他的名字,为何会出现在这封神榜上?与三皇后土并列?
而水族阵线,那翻腾的妖氛、狂怒的嘶吼,在这一刻,彻底僵死。
郑冰是水神人性化身,在一开始的时候,他本来要把自己的名字签下去了,但是在最后那部分的时候,他动作顿了顿,最后签下的是共工的尊号,因为他知道,这对于大局是有用的。
‘我岂能因为自己的厌恶和恐惧,而背弃这个名号?’
‘无论如何,他终究是我的过去,背弃过去,不过只是一种自我欺骗。’
‘那样的话,我永远不会是我。’
他这样告诉周衍,写下去的,就是这个尊号,是他的过去。
江渎神,还有一众水神呆滞。
共工……尊神?
他的名,为何在此?在这敌阵高悬的榜上,与那些名字并列?
他也加入了封神榜?
他抛弃了我们?!
水系一脉出现了骚动,自上而下,从统兵大将到最微末的妖卒,原本澎湃汹涌、同仇敌忾的意志洪流,仿佛被一道无形的天堑骤然斩断。

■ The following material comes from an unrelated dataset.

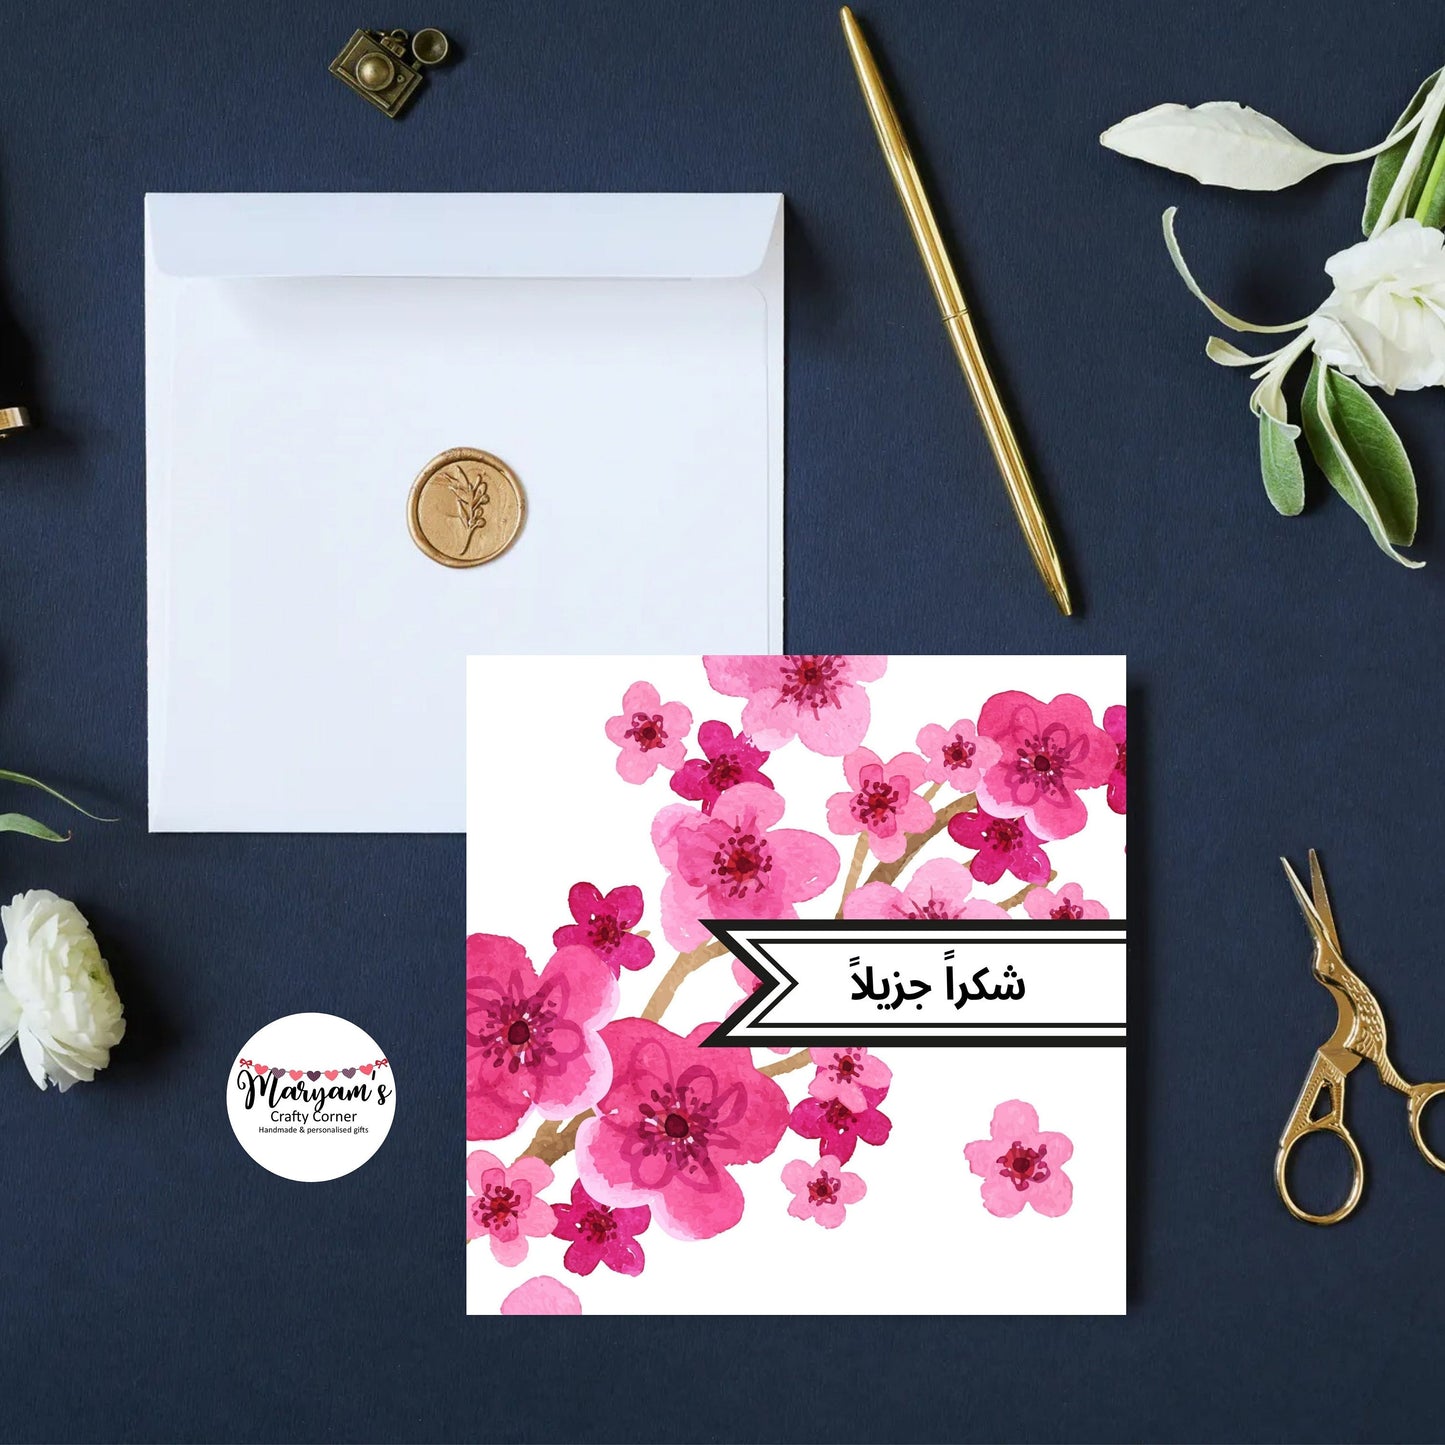 Shukran, Islamic Greeting card saying Thank you pink floral cherry blossom

狂澜般的力量失去了源头,在原地打旋、溃散,念头汹涌。
士气大跌!
就在所有目光,或呆滞、或震骇、或茫然地聚焦于“水神·共工”那刺眼名讳之时。
卷轴的金光,并未停歇。
它平稳地,甚至是漠然地,继续向上铺展了一线。
露出了位于所有名讳最顶端,最后,也是最初的那个位置。
那里,只有两个字。
【太上】
在这一次封神榜当中,位列于三皇之上,娲皇伏羲之上,是为太初之名。
希微子一口茶喷出去,呆若木鸡:“太上!?”
“……不是,那不是当日的伪装?!”
他已经有些混乱了。
周衍忽而抬起手中的封神榜,神色坦诚,朗声道:“水神共工,为我人族水正,是为正神,水族之中,不过只是一介,虚假之伪神而已,窃据神位,作乱四方,而吾今日,也是征讨不臣。”
人族阵中,茫然只持续了一瞬。
旋即,一股前所未有的炽热,自脚底涌泉直冲颅顶!
管它为何!那席卷天下的共工之名,此刻竟与他们先祖的名讳同列一榜,这意味着什么?意味着邪不胜正,意味着水神本源也在这里,连那滔天洪祸的源头,只是一个邪祟之神!
列祖列宗在上,共工之名在下!
娲皇伏羲,太上道祖!
共谋此大计,正是数千年之天命!
这比任何战前鼓舞都更直接,更蛮横地,点燃了血脉里最原始的亢奋与勇气。低沉的惊呼迅速化为滚雷般的喧嚣,无数兵刃扬起,寒光汇成一片躁动的海,士气如燎原烈火,轰然暴涨!
与之相对的,是水族一方混乱。
江渎神枯槁的面皮抽搐了一下,迅速反应过来眼中闪过一丝惊怒交加的明悟——是了,是那个化身,郑冰!可恶,当日无支祁之子果然是被周衍给戏弄了,郑冰在他手里,这是假的榜单!
可这念头刚起,便被更深的寒意吞没。
来不及了。
绝大多数水族兵将、妖卒,哪里能知晓共工大神化身的隐秘?它们只看到,它们信奉、恐惧、追随的无上尊神之名,就在敌人的封神榜上,与那些敌人一方的强者并列。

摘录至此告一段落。